A few months ago, Five demonstrated that its reference ADS could operate at high safety even on public roads in Europe’s only megacity, making over 100 public test drives in a single month across a complex 21km route in South London.

In the US, giants like Waymo, Uber ATG, and Cruise drive many thousands of miles a day autonomously. Waymo even offers rides to the public without safety drivers in a small area of Phoenix, Az.

More broadly, modern passenger cars have felt the impact: the advent of Advanced Driver-Assistance Systems (ADAS) gives a level of automated assistance to highway driving, parking, and navigating traffic jams.

But although we’re making great strides, one issue continues to hold the industry back.

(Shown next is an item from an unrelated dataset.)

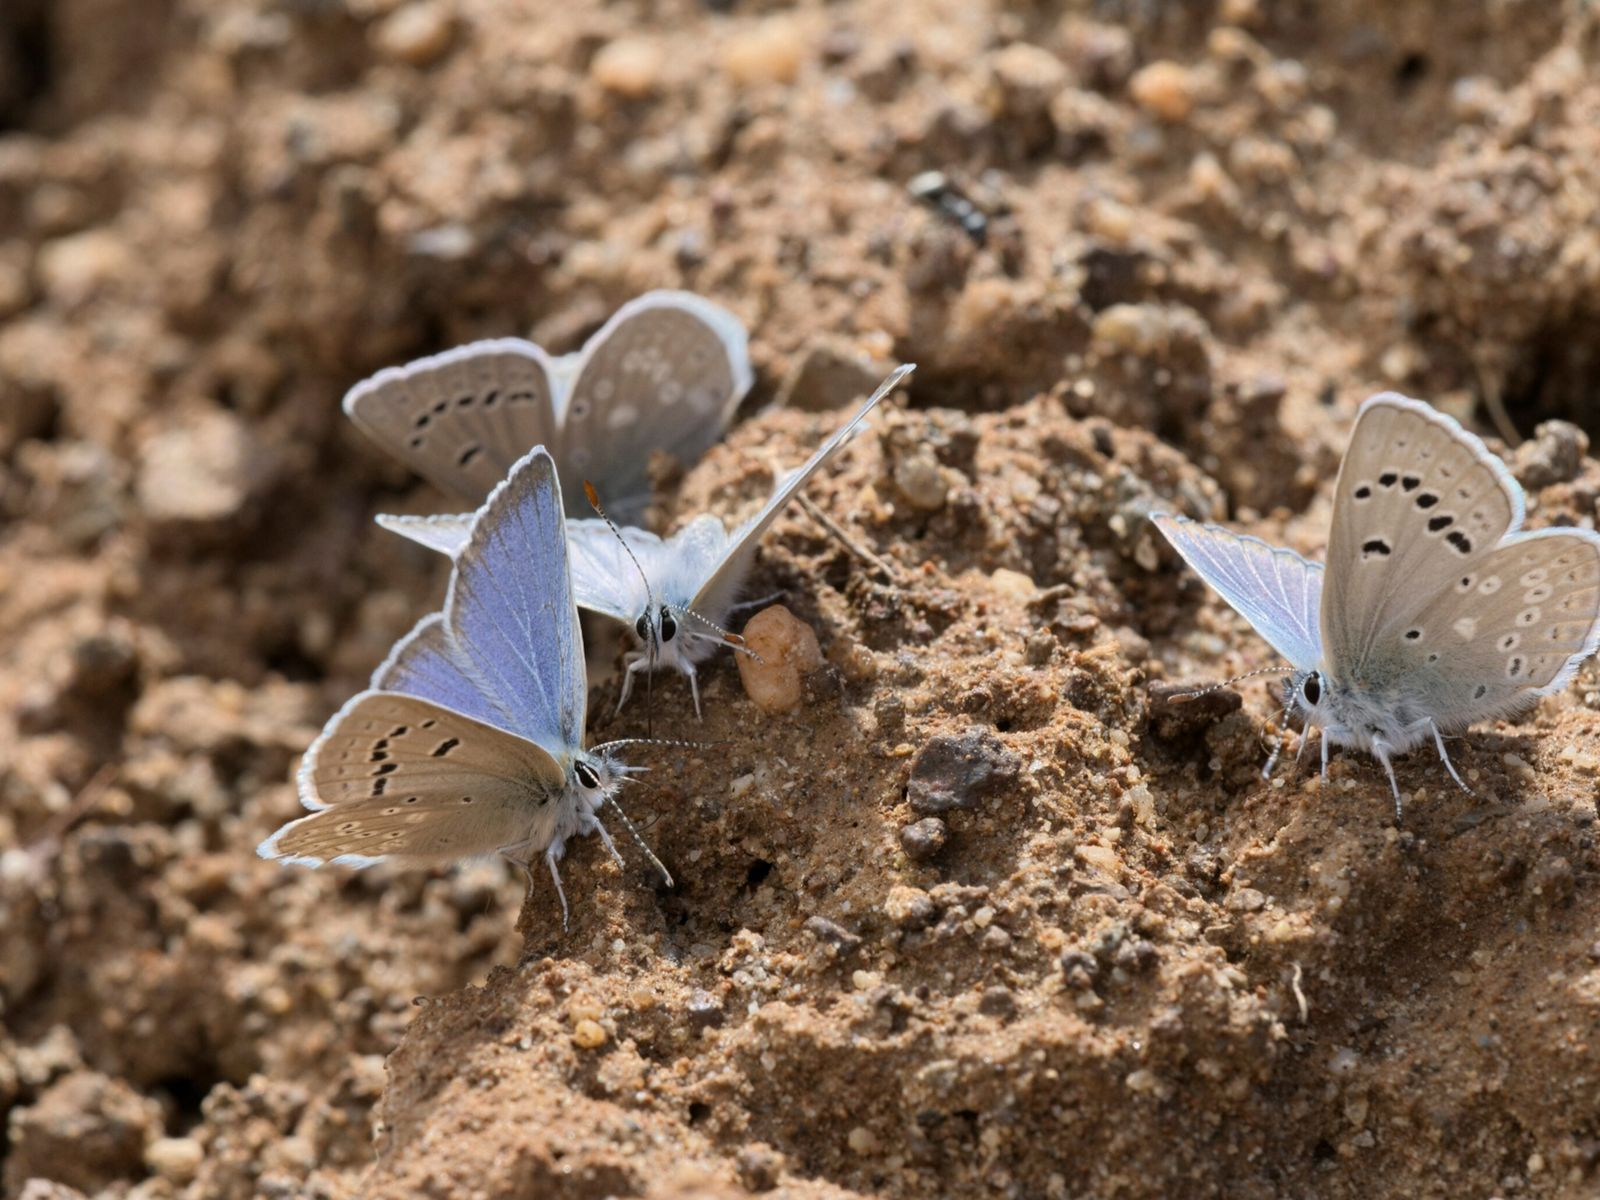 450-butterfly-species-decline-02

As these systems have started to move from a proof of concept in the Bay Area to a functionally and nominally safe, robust ADS, it has become crystal clear that there is a long way to go until the technology will be broadly deployed. The major variable is demonstrating the safety of AI systems. The size, difficulty and expense of this remaining challenge has been a major factor in the hype around self-driving fizzling out over the past year. Until the problem is tackled, the widespread commercialisation of ADS technology will continue to be hamstrung.

Myth-busting

In the early days, miles driven per disengagement was the measure of safety performance for an ADS. Furthermore, disengagements and ‘unexpected events’ were the primary mechanism for discovering and fixing problems with the stack.

The first concept to be shattered was the disengagement myth, as the main metric of progress used in the industry. It proved far too simplistic and inefficient a measure to drive the assurance efforts behind these types of systems.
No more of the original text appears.